This is a list of people executed in the United States in 2014. Thirty-five people were executed in the United States in 2014. Ten of them were in the state of Missouri, and another ten were in the state of Texas. Two (Edgar Tamayo Arias and Ramiro Hernandez-Llanas) were foreign nationals from Mexico. One (Juan Carlos Chavez) was a foreign national from Cuba. Two (Suzanne Margaret Basso and Lisa Ann Coleman) were female.

While there were a total of 35 executions in 2014, there were 39 executions in the previous year (2013) and 28 executions in the subsequent year (2015).

List of people executed in the United States in 2014

Demographics

Executions in recent years

Notable executions
2014 was a notable year for executions.
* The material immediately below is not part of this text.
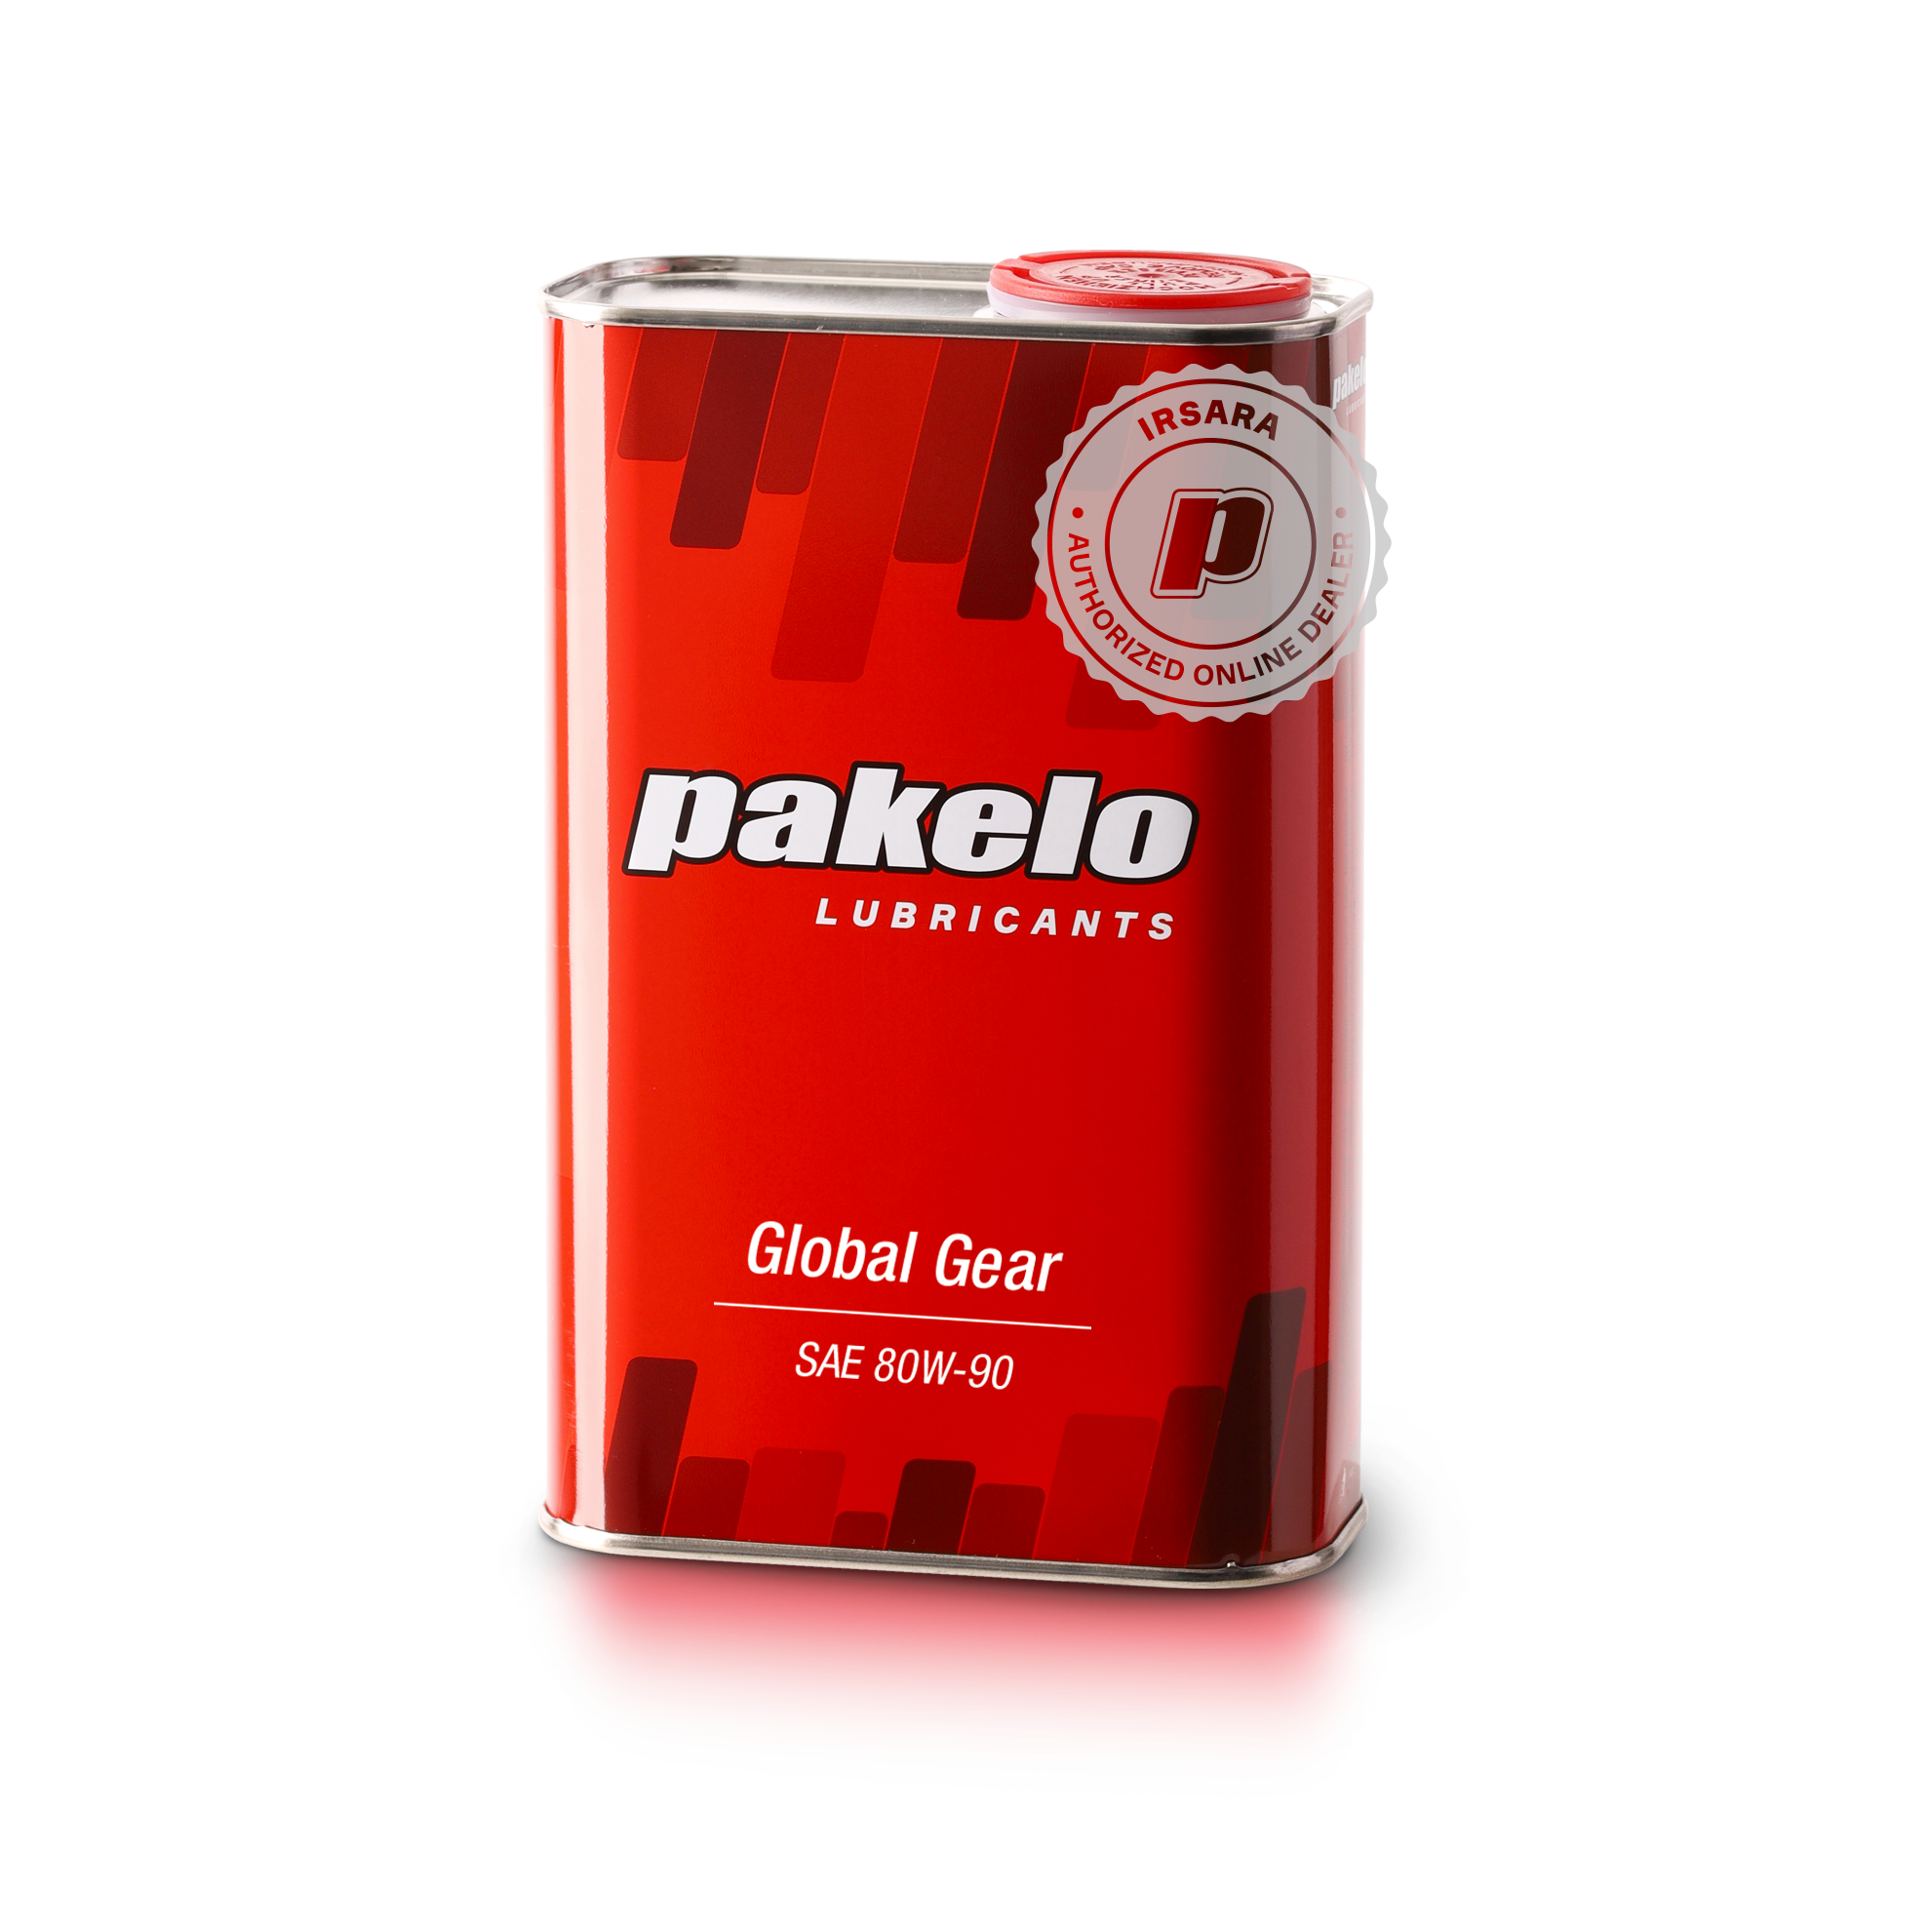 Pakelo Global Gear Sae 80W-90 (1L)

A total of ten death row inmates were executed in Missouri throughout the year, the most carried out by Missouri in a single year since capital punishment resumed in 1976. 2014 also marked the first time since 2002 in which two women were executed during a single year. Suzanne Margaret Basso and Lisa Ann Coleman, who were both sentenced to death in Texas, were executed just seven months apart. One notable execution was of convicted murderer Thomas Knight, who was executed in Florida. Knight spent thirty-nine years on death row before his execution was carried out. This set a record for the longest amount of time any inmate has spent on death row in the United States prior to being executed.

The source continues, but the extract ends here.